RNA in situ hybridization was performed with antisense digoxigenin-labeled probes following standard protocols (Ashburner 1989; Tautz and Pfeifle 1989). Antibody staining was as described in Dierick and Bejsovec (1998). Anti-Wg antibody was used at 1:1000 and anti-Arm was used at 1:50 (both from the Developmental Studies Hybridoma Bank). Anti-Coracle antibody (kindly provided by R. Fehon) was used at 1:10,000. DAPI stain was used at 1:20,000. Cy3 and Cy5 IgG secondary antibodies (Jackson ImmunoResearch, West Grove, PA) were used to detect fluorescence staining. Embryos were mounted in Aquapolymount (Polysciences, Niles, IL) and viewed with a Zeiss 410 confocal microscope.

Hatching efficiencies and cuticle pattern analysis:

Fly crosses were performed at 25°, and eggs were collected in 2- to 4-hr time windows. Eggs were arrayed on apple juice agar plates and counted before being allowed to age for 24 hr at 25°. Unhatched eggs were then dechorionated with bleach and mounted in Hoyer's medium for scoring; in some cases hatched larvae were mounted as well. The number of unfertilized eggs was subtracted from the total egg count, prior to calculating proportions for different phenotypic classes. Denticle rows in abdominal segments 3–6 were examined in at least 20 embryos for each genotype, concentrating on the middle one-third of the belt centered over the ventral midline.

Immunoblot analysis:

Five- to 7-hr-old embryos were collected, dechorionated, and examined for the presence or absence of GFP from the Kr-GFP CyO balancer.

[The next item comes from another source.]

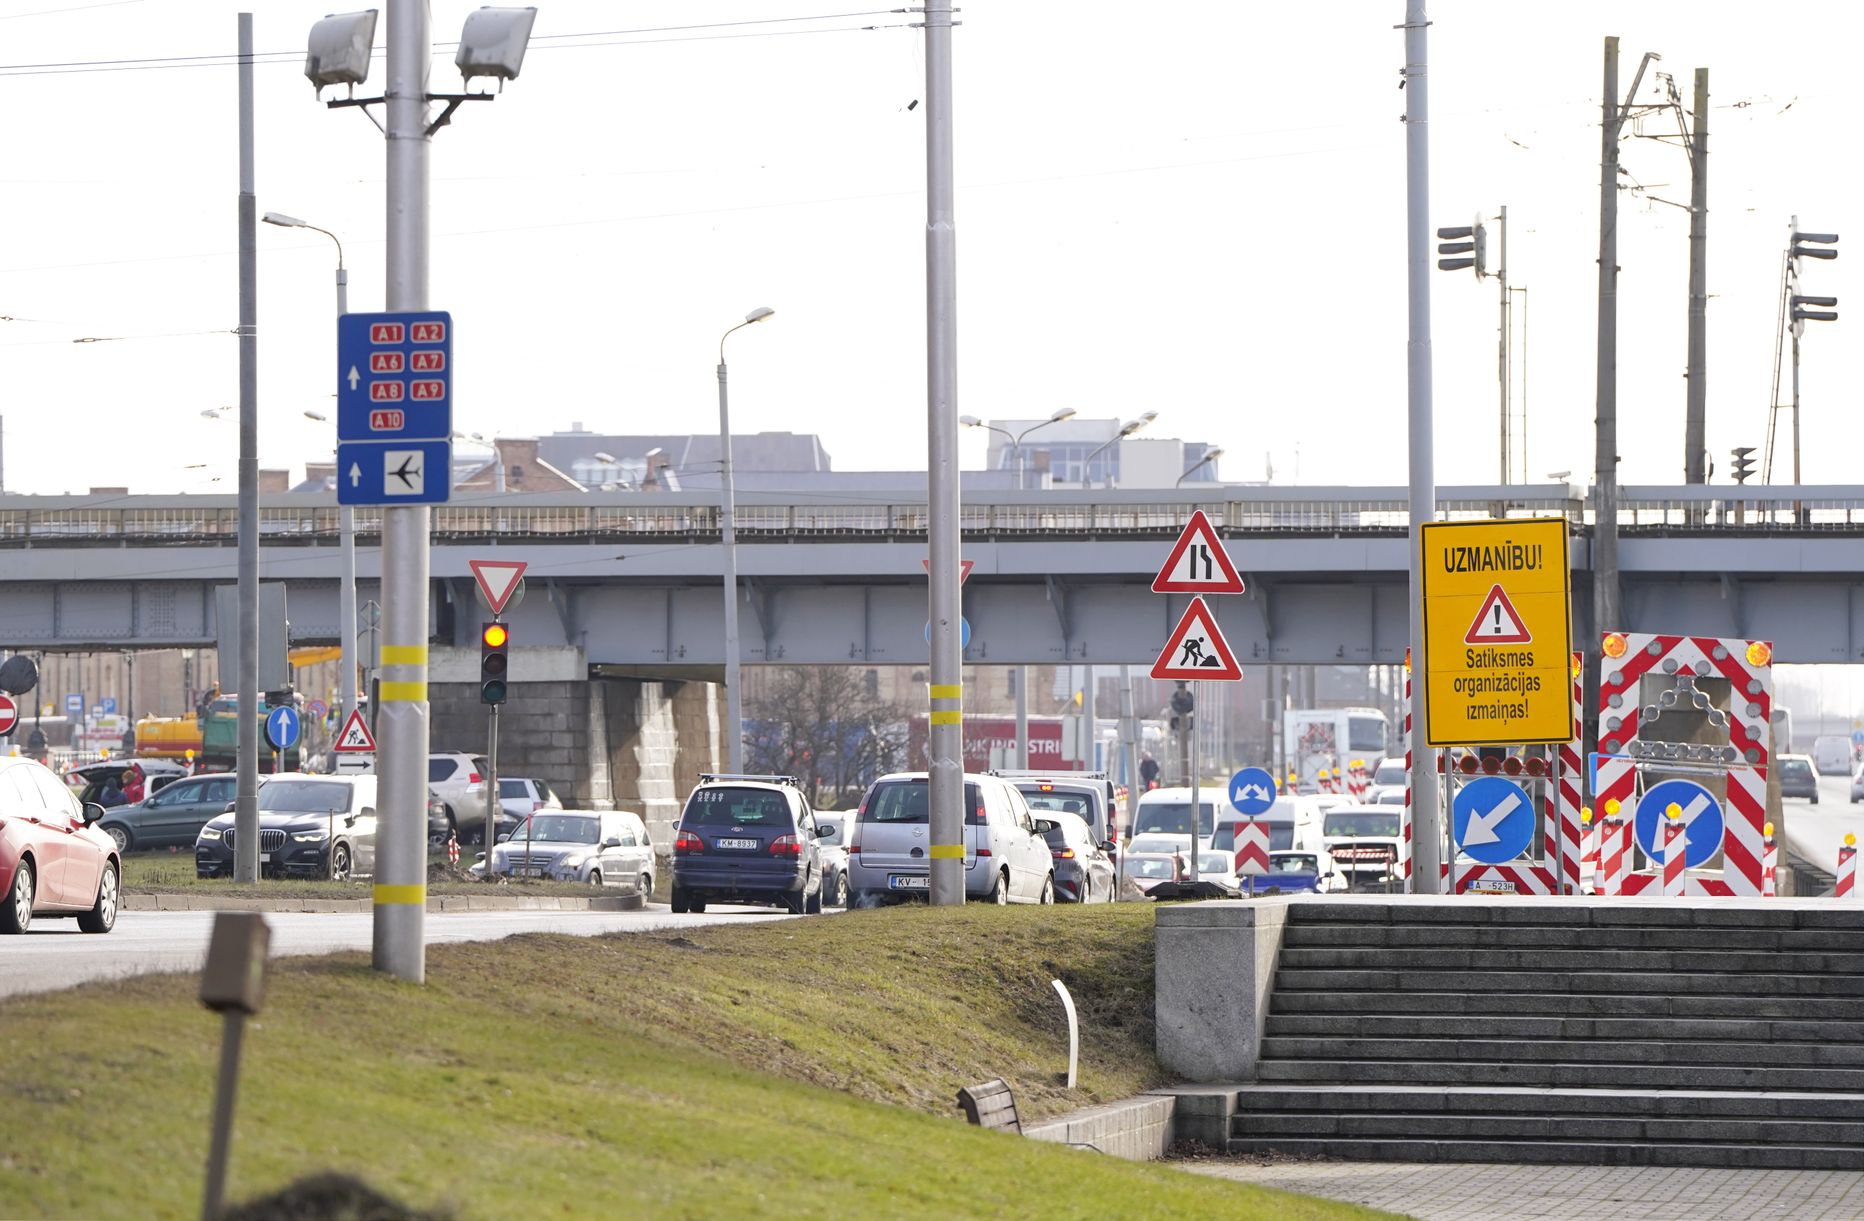 Norādes par satiksmes ierobežojumiem 11. novembra krastmalā, kur, saistībā ar dzelzceļa infrastruktūras projekta "Rail Baltica" integrēšanu Rīgas centra infrastruktūrā, no 13. februāra tiek ieviesta jauna satiksmes kārtība Ģenerāļa Radziņa krastmalā, kur virzienā no Akmens tilta uz Salu tiltu satiksmei tiks nodrošināta viena josla.
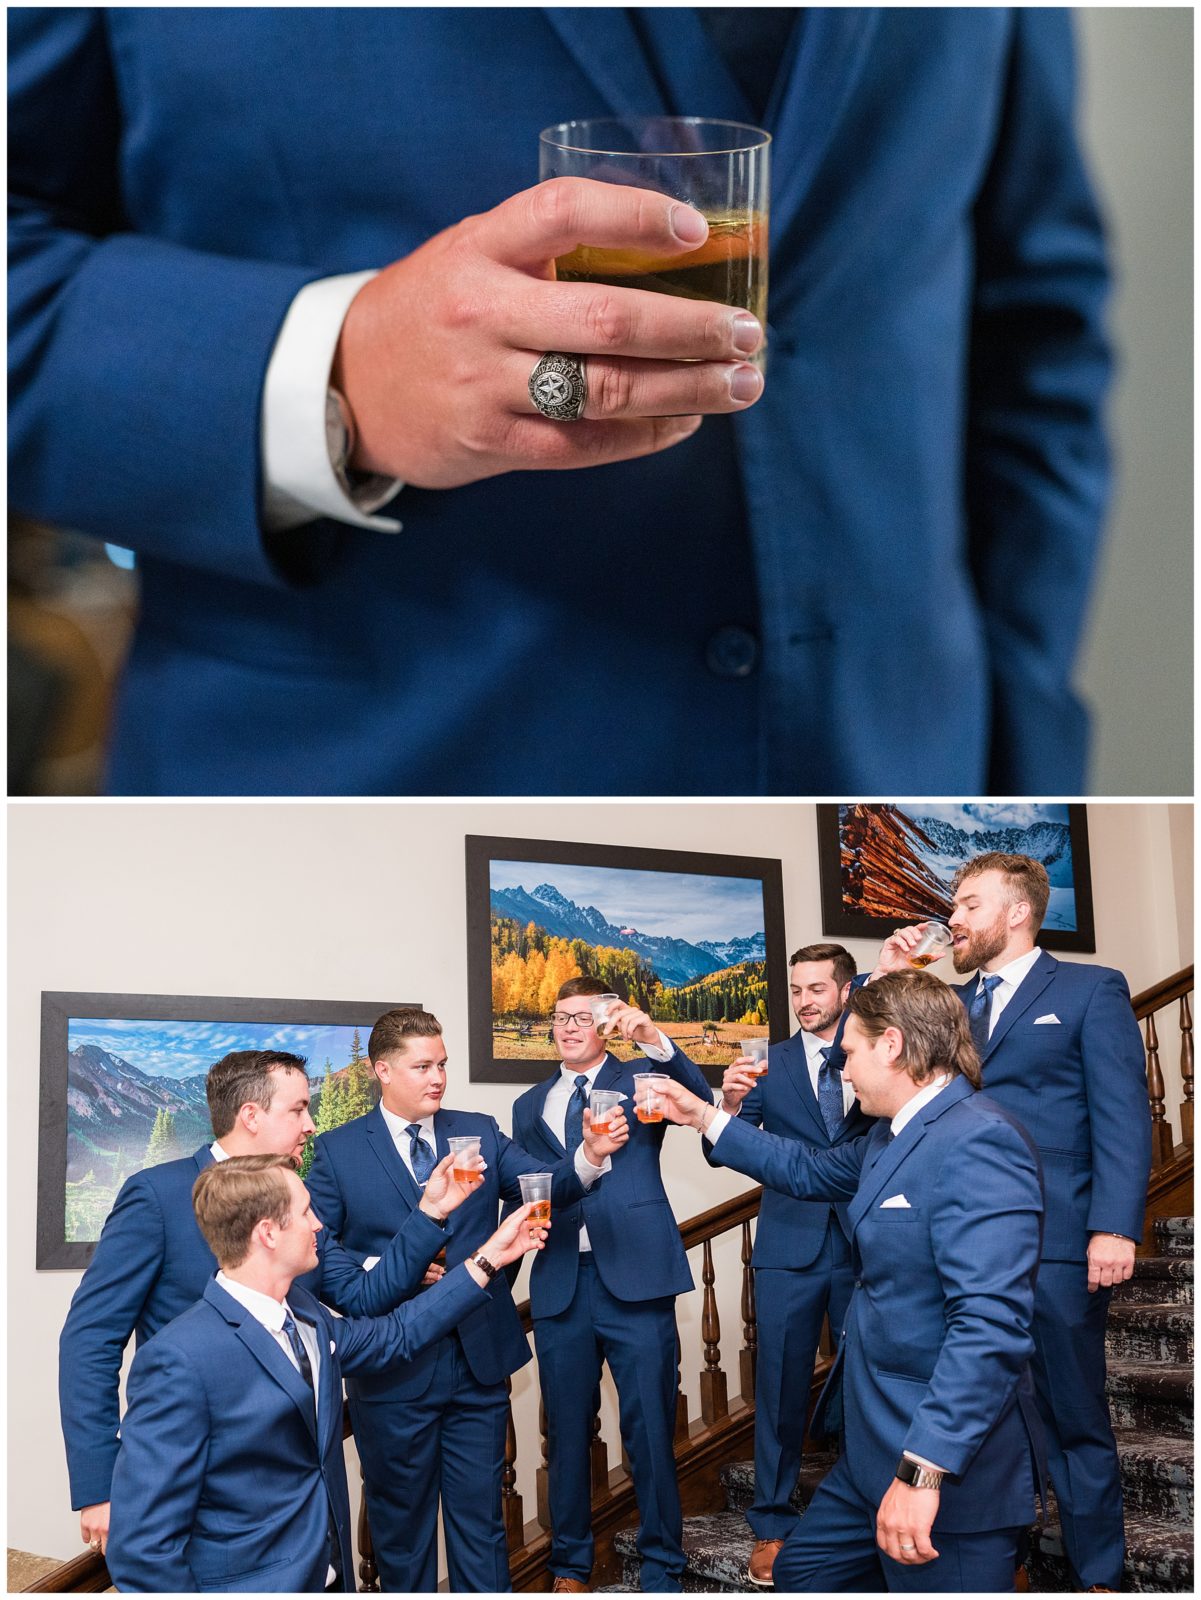 Groom Prep at The Lodge at vail wedding

Fifteen homozygous-mutant embryos (identified by lack of fluorescence) as well as 15 wild-type siblings (identified by twofold brightness of fluorescence) were collected and immunoblots were performed as described in Chao et al. (2003). Filters were stained with anti-Arm protein (Developmental Studies Hybridoma Bank) at 1:100 and with antitubulin at 1:5000 (Labvision). Cross-reacting proteins were detected and quantified using the Odyssey infrared imaging system and reagents (Li-Cor Technologies).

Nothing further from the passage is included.